◆ What you are asked to do: Could you set down exactly the lines in the records below between the line holding "Sedimentary stratifications of" and the line holding "Journal of the", inclusive?

◆ Task material:
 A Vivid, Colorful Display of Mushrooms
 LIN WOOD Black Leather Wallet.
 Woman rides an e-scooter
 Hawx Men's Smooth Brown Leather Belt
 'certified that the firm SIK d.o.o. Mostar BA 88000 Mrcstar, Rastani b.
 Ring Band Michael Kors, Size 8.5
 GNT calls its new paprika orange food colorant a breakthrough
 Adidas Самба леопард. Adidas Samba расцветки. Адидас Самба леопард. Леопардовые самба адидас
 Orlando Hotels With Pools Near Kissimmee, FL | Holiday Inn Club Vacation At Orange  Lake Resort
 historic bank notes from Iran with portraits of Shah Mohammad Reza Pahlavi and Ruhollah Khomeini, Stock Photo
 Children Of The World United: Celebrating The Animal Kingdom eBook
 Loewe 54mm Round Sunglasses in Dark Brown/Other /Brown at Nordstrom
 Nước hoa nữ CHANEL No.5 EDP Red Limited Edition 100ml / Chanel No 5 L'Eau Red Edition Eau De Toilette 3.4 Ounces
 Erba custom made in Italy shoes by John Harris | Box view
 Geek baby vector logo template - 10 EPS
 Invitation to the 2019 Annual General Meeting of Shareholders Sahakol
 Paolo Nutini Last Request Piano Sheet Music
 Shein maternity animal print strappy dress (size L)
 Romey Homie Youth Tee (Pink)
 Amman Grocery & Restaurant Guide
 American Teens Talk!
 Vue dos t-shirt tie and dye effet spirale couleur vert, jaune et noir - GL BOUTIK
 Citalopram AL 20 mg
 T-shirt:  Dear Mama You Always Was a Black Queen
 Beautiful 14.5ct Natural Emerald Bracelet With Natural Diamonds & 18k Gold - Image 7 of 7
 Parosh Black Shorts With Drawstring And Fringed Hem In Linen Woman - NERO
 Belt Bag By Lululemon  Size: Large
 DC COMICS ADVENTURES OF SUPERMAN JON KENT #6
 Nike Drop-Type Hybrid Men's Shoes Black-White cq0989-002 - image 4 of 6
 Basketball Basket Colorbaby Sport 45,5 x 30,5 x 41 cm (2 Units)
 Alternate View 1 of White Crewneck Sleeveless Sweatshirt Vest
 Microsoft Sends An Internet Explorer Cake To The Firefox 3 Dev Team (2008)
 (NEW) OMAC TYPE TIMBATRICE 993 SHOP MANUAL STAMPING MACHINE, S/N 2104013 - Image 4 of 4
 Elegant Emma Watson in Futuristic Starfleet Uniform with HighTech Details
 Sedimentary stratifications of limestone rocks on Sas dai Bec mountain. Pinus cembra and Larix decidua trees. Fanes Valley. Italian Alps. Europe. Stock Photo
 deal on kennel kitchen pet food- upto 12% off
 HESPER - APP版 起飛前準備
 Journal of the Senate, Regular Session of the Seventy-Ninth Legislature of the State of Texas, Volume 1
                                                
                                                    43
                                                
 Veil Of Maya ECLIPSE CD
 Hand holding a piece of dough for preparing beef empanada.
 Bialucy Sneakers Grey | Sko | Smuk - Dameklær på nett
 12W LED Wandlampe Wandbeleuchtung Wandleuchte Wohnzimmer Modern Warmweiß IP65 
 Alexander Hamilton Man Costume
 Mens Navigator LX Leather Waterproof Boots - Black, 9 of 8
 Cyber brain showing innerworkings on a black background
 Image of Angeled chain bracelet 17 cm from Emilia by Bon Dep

◆ Completed exercise:
 Sedimentary stratifications of limestone rocks on Sas dai Bec mountain. Pinus cembra and Larix decidua trees. Fanes Valley. Italian Alps. Europe. Stock Photo
 deal on kennel kitchen pet food- upto 12% off
 HESPER - APP版 起飛前準備
 Journal of the Senate, Regular Session of the Seventy-Ninth Legislature of the State of Texas, Volume 1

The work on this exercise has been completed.